> _Task to complete_
A verbatim copy of all the data is required; the pictures should not appear in it.

> _Supplied information_

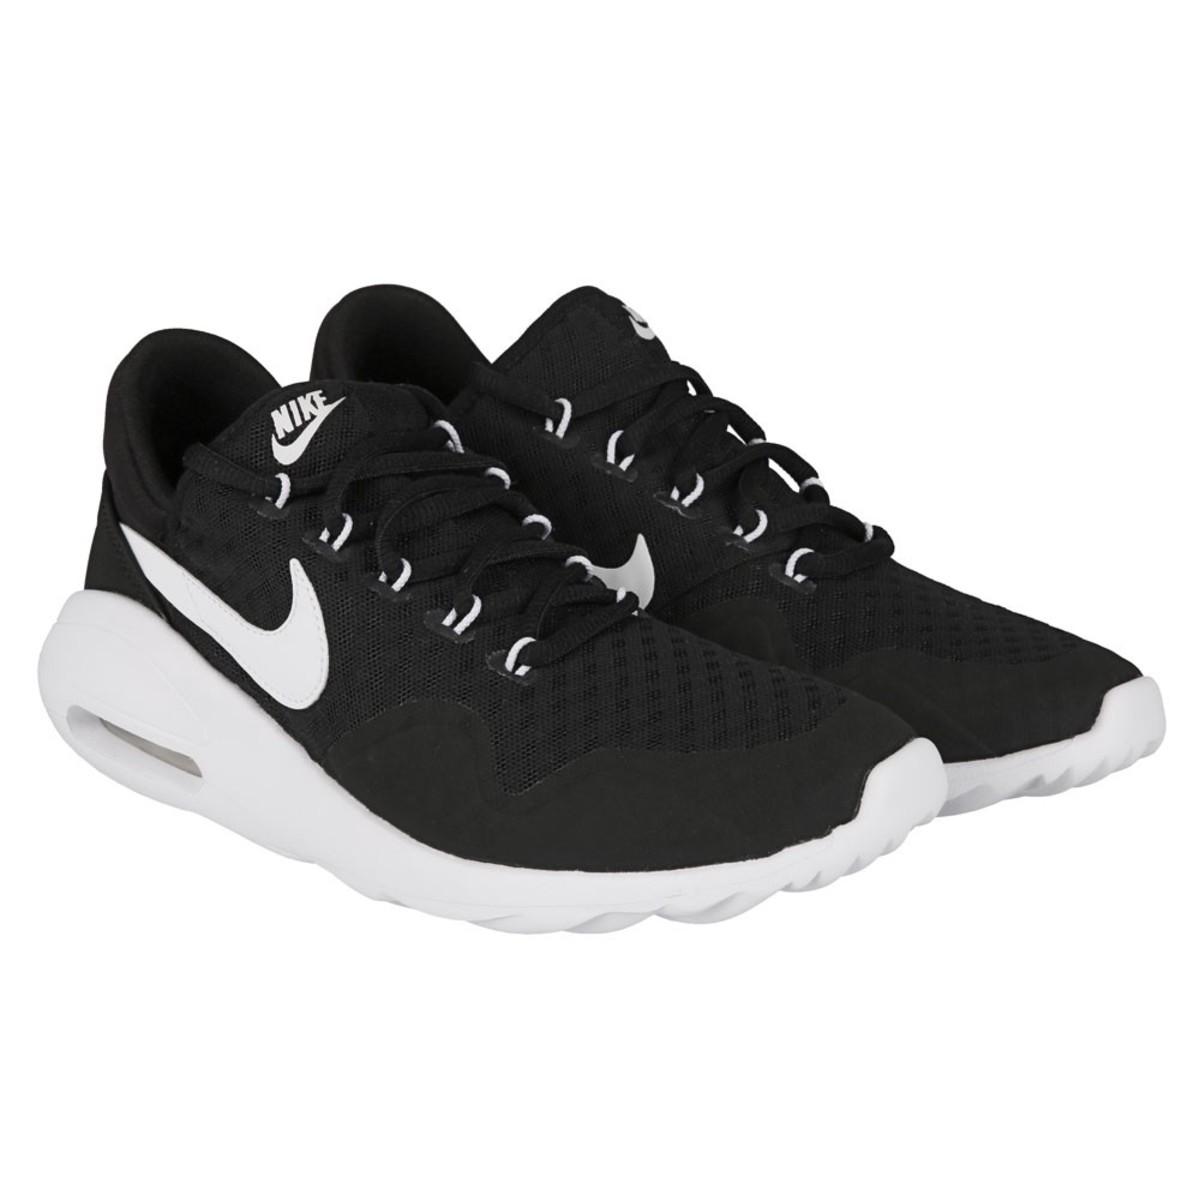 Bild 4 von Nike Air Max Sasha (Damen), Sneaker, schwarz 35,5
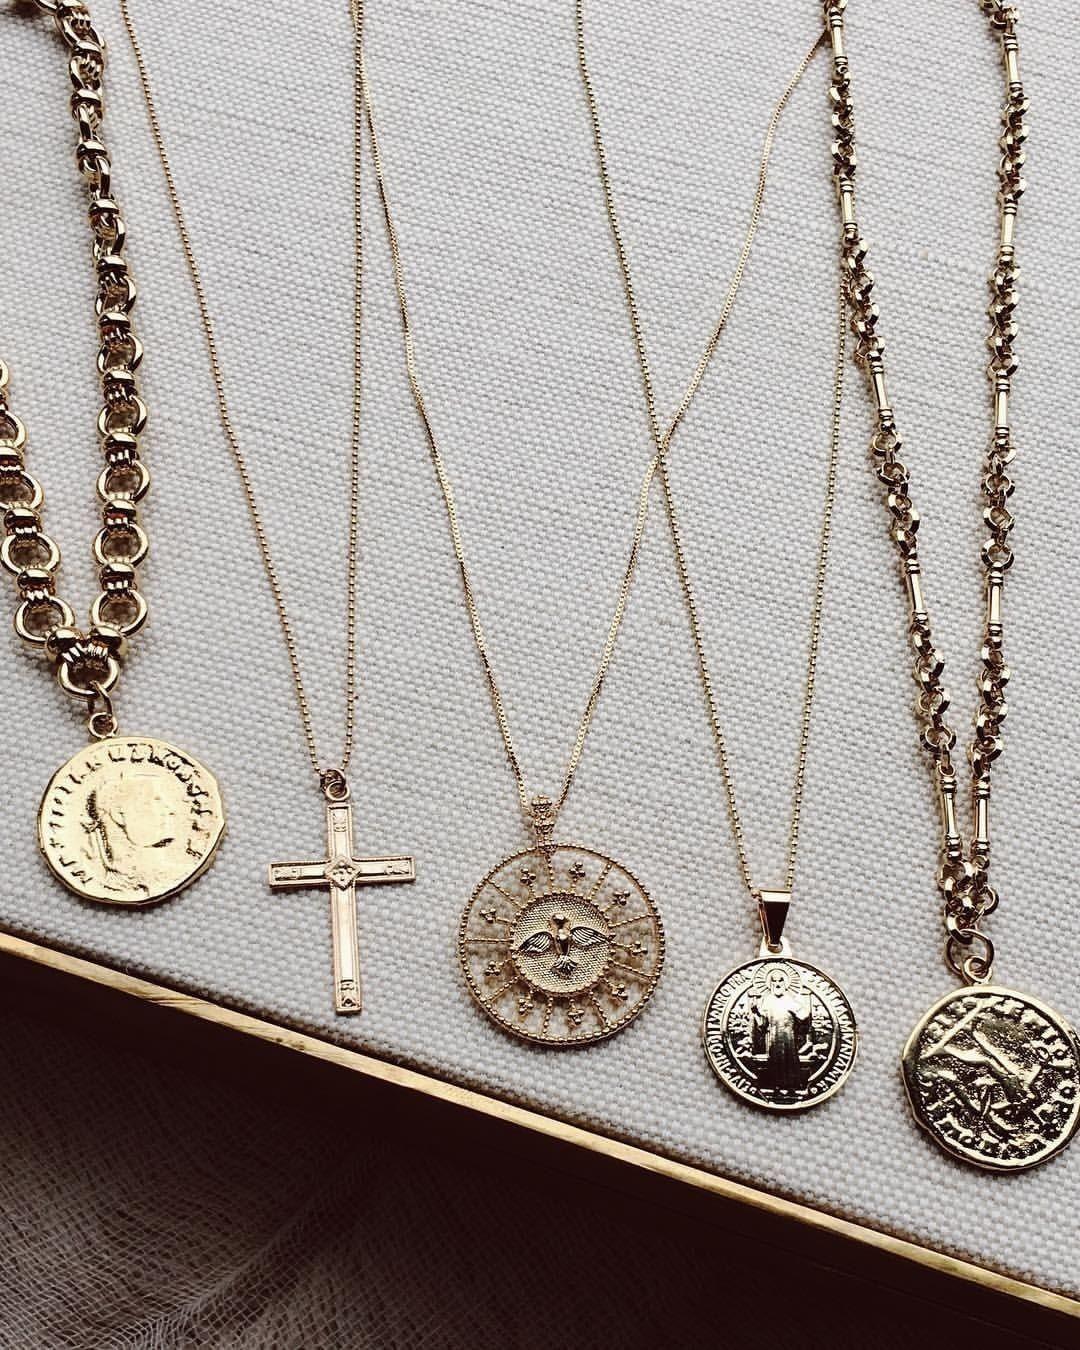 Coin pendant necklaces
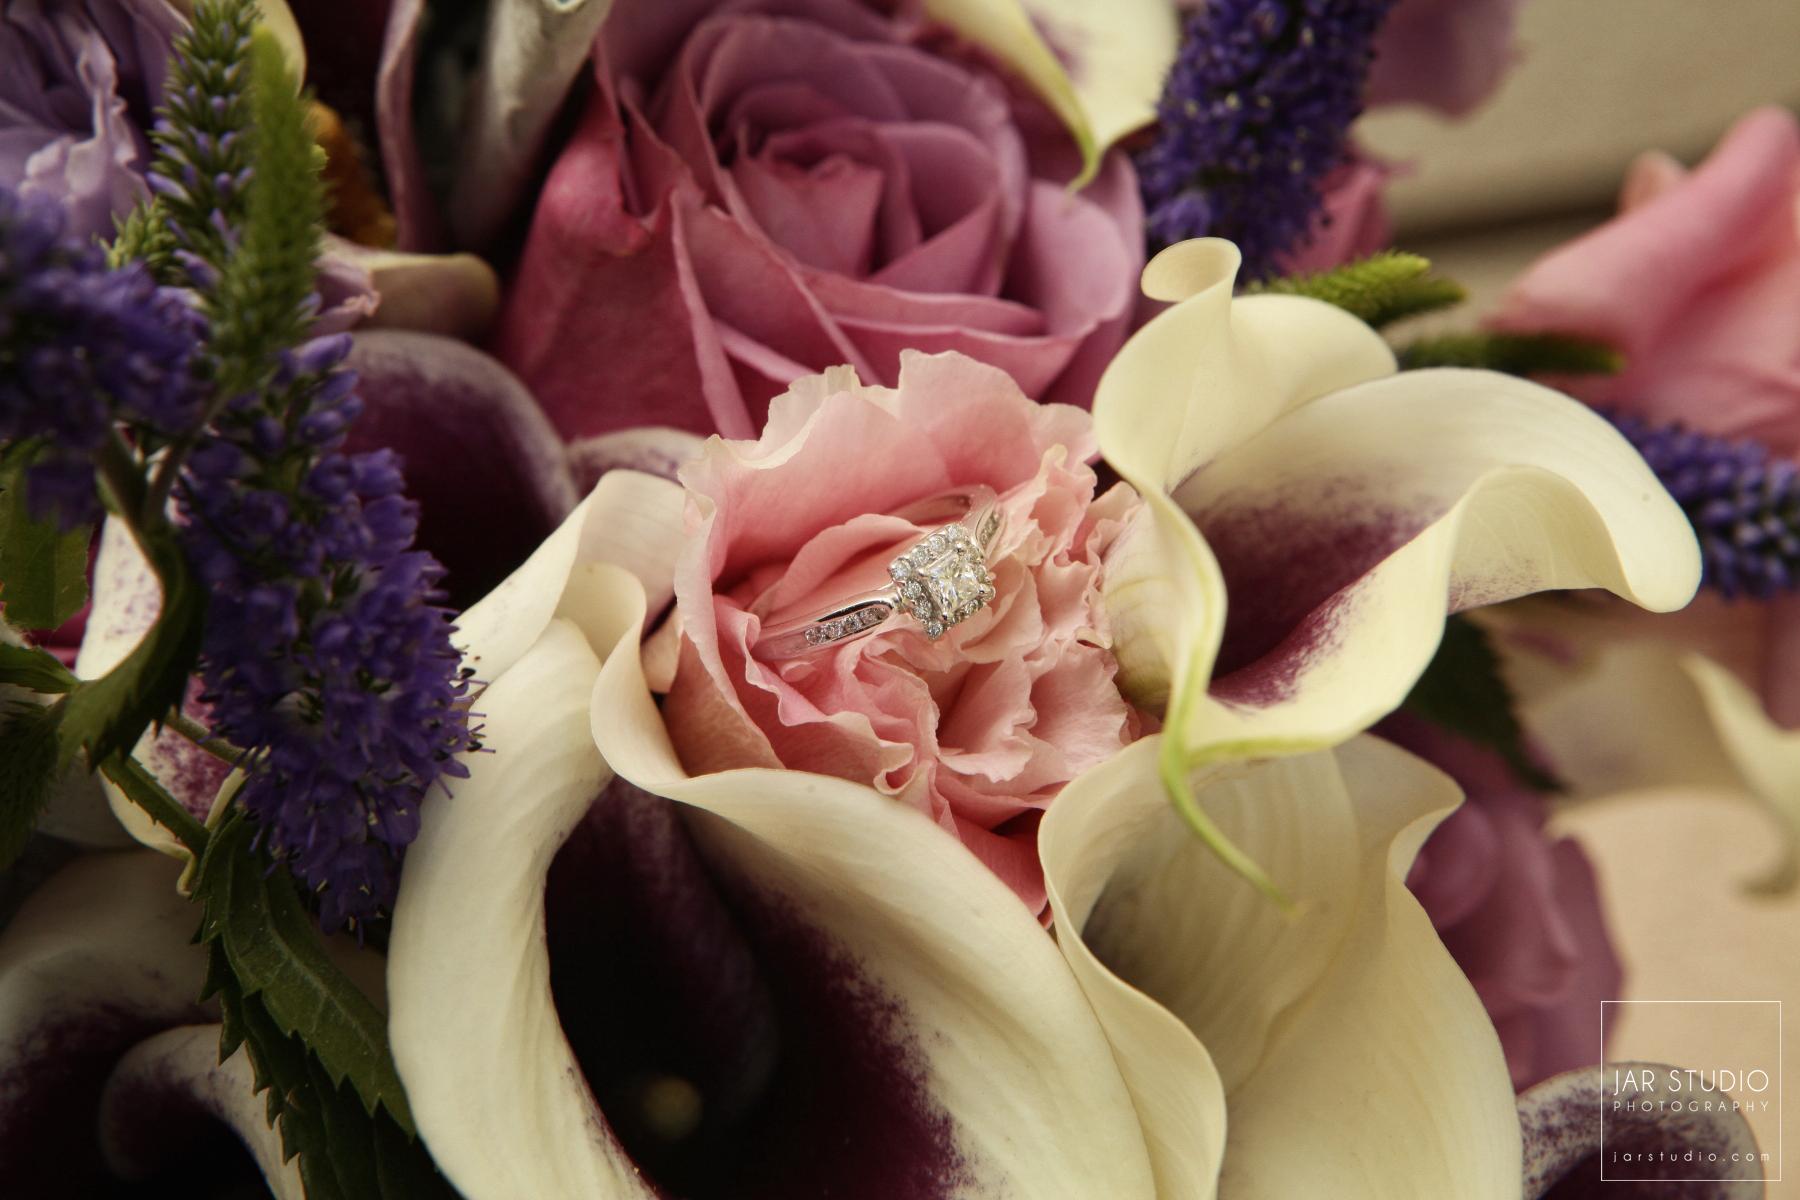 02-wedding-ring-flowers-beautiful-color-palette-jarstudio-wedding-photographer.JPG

> _Exercise response_
 Bild 4 von Nike Air Max Sasha (Damen), Sneaker, schwarz 35,5
 Coin pendant necklaces
 02-wedding-ring-flowers-beautiful-color-palette-jarstudio-wedding-photographer.JPG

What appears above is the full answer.